At 9:28 pm +0200 22/6/06, Tommy Nordgren wrote:
On Jun 22, 2006, at 1:48 PM, Tommy Nordgren wrote:
How do I write proper utf 8 characters to a file? I write only
two characters, and they come out as four
garbage characters when I view the file in an editor.
The only reason for that can be that you have your editor set to open
files as MacRoman or some non-utf-8 charset. Provided your editor
prefs are set to open as utf-8 or you opt for utf-8 in the open file
dialog you will not get this problem.
I found the problem it is necessary to
1) use the use utf8 pragma;
2) Explicitly write a BOM byte sequence immediately after opening the file.
point 2 is where I erred. I expected the BOM to be added automatically,
when opening a file for write with the utf-8 encoding.
You would need to give an example of what you are doing, but neither
of those things should be necessary and nor should it be necessary to
specify utf-8 when opening the filehandle as Sherm suggested.

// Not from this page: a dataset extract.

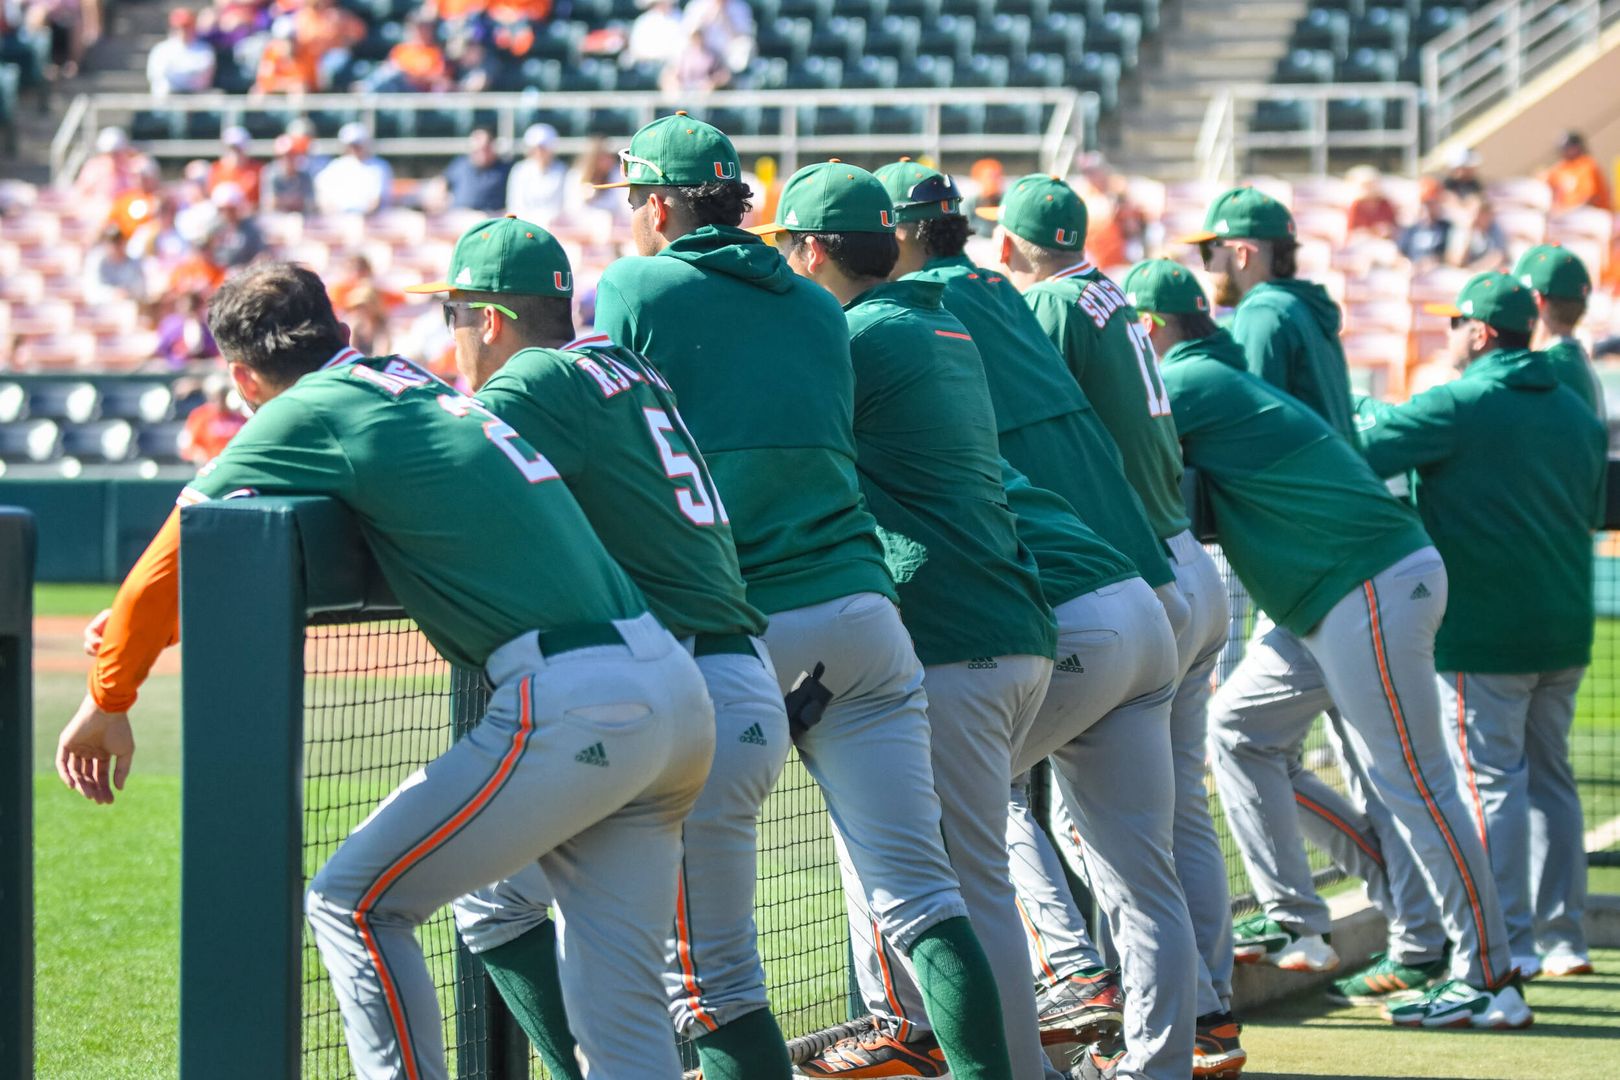 Miami Falls in Series Finale to No. 18 Clemson

The following script will write "ö", utf8-encoded to "trash.txt" on
the desktop:
#!/usr/bin/perl
my $text = "ö";
my $f = "$ENV{HOME}/desktop/trash.txt";
open F, ">$f" or die $!;
print F $text;
close F;
If you open the file as utf-8 you will see "ö" and if you open it as
MacRoman you will see "ö". You could also open it as Traditional
Chinese or Simplified Chinese or many other things and see other
things. UTF-8 byte order is always the same, so there is no need for
a BOM, though some editors might use it as a hint.
JD